The Barmaley (Russian: Бармалей) is an informal name of a fountain in the city of Volgograd (formerly known as Stalingrad). Its official name is Children's Khorovod (Round Dance). The statue is of a circle of six children dancing the khorovod around a crocodile. While the original fountain was removed in the 1950s, two replicas were installed in 2013.

History
The original fountain is believed to have been installed in the 1930s, when the Soviet Union was being adorned with various outdoor architectural works, including similar fountains designed by sculptor Romuald Iodko, a co-author of the Girl with an Oar, an archetype of the Soviet kitsch. The Barmaley Fountain was made widely known from several August 1942 photographs by Emmanuil Evzerikhin that juxtaposed the carnage of the Battle of Stalingrad with the image of children at play.

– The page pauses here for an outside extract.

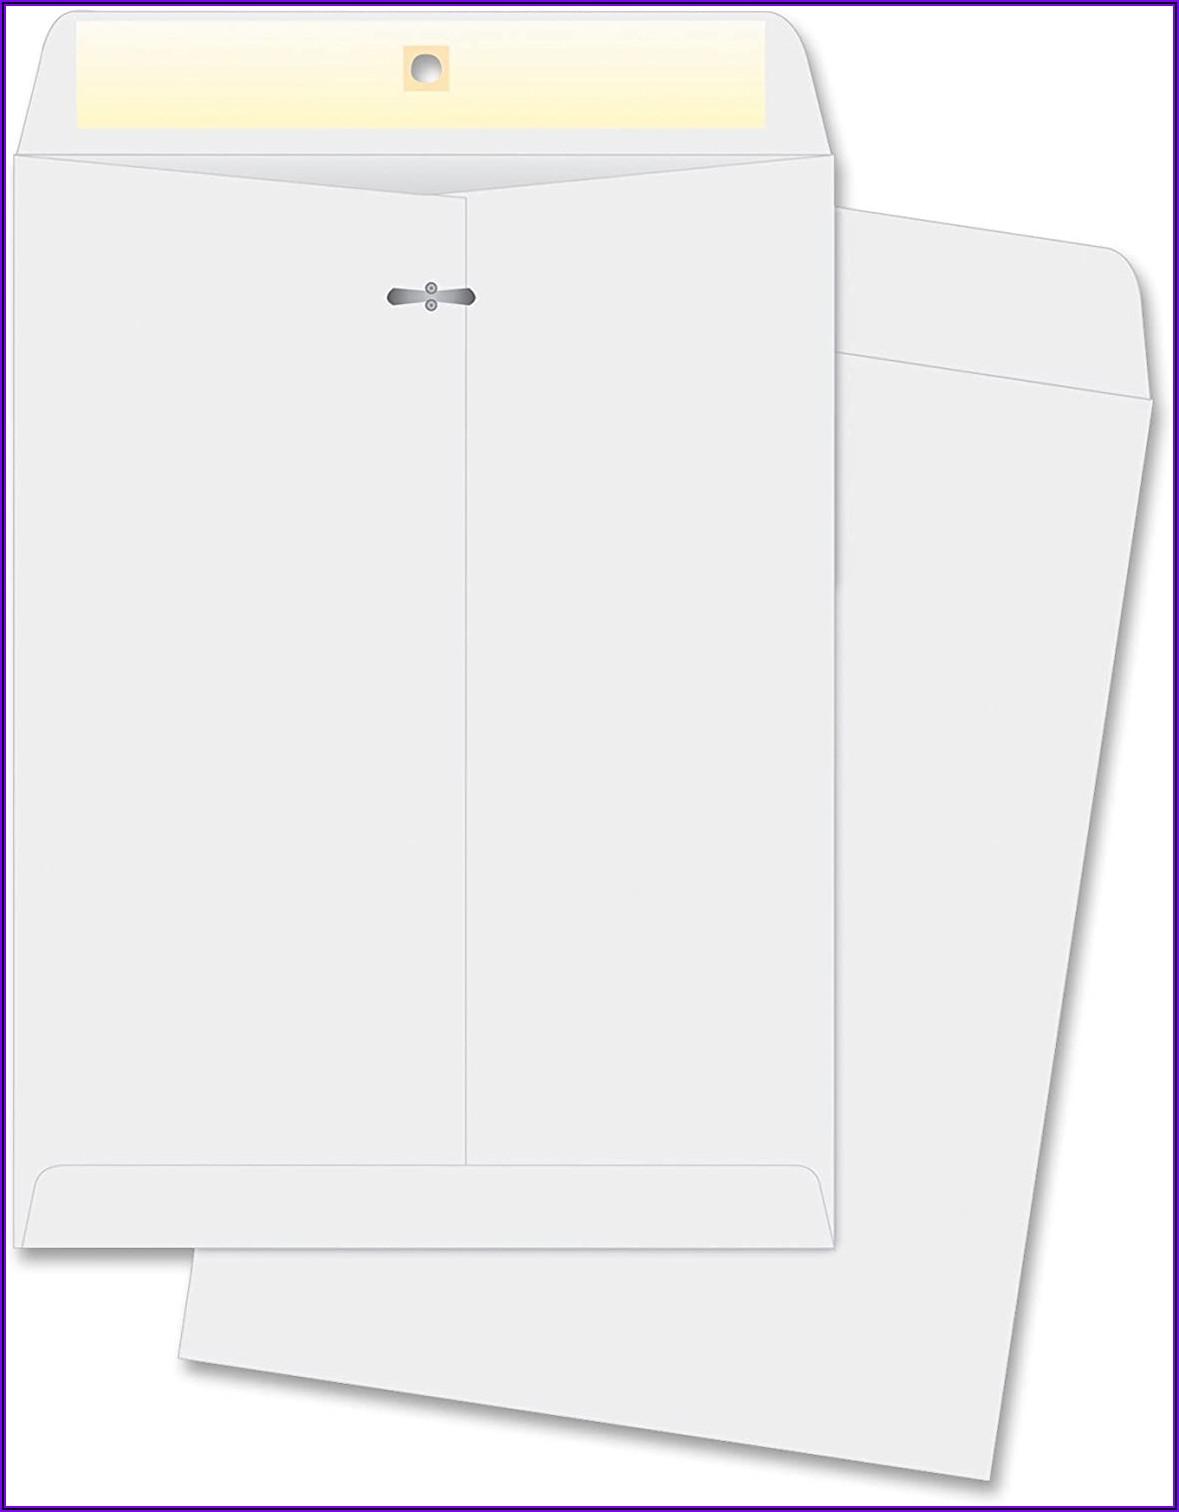 Staples 9 X 12 White Envelopes
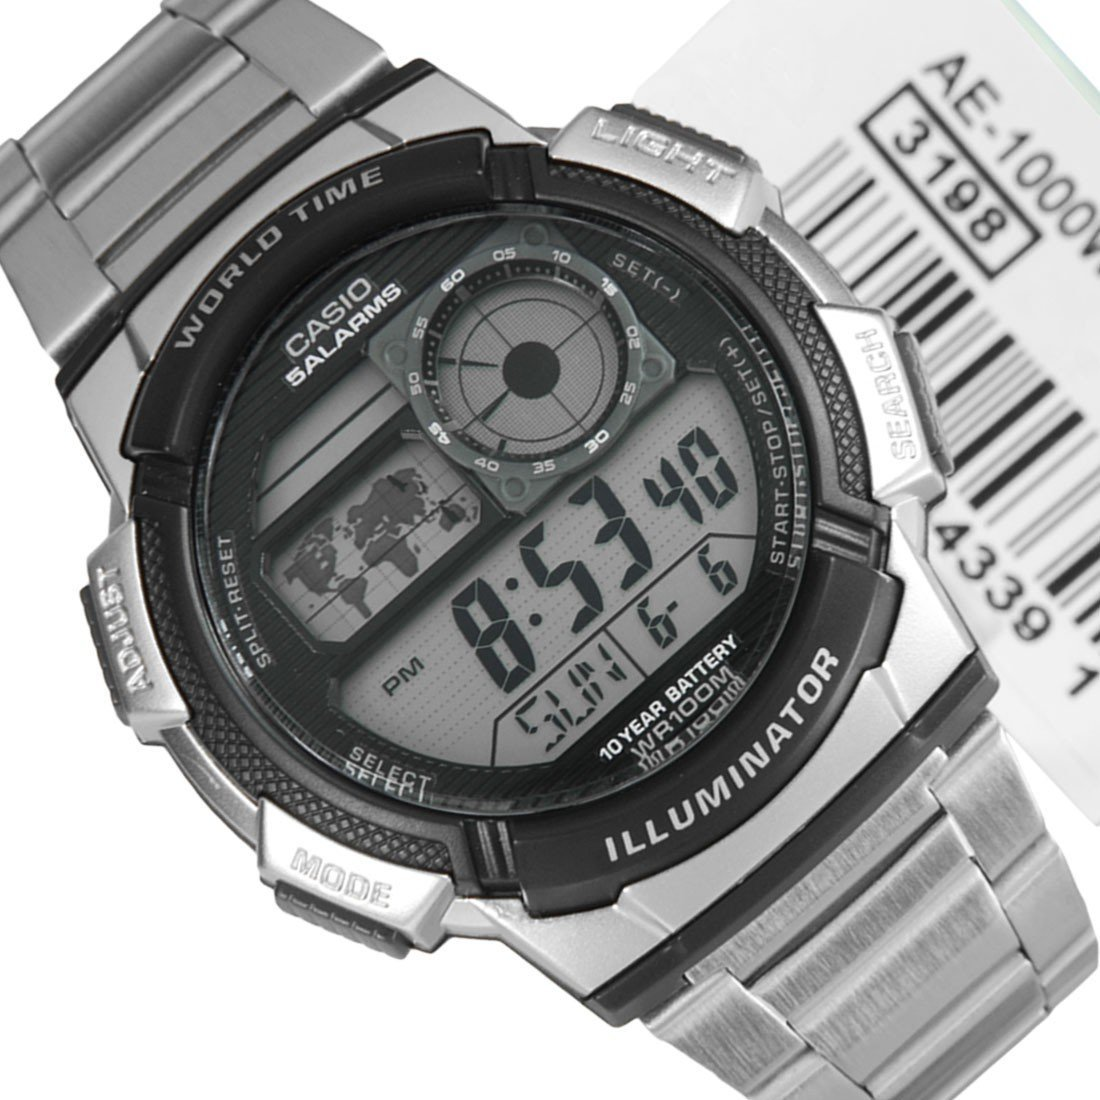 Casio World Time Digital Watch R59300 Watches Pricecheck Sa Ae 1000w 1a Original X

The fountain was restored after World War II and was removed in the 1950s. A replica was installed at the original site for the 23 August 2013, 71st anniversary of the Battle of Stalingrad.

Two replicas of the fountain were installed in 2013 at different locations in Volgograd, one of them nearby the very same railway station. A terrorist attack in December 2013 once more placed the fountain against the scene of destruction, reminiscent of the wartime photo.

Another replica was installed near the Gergardt Mill.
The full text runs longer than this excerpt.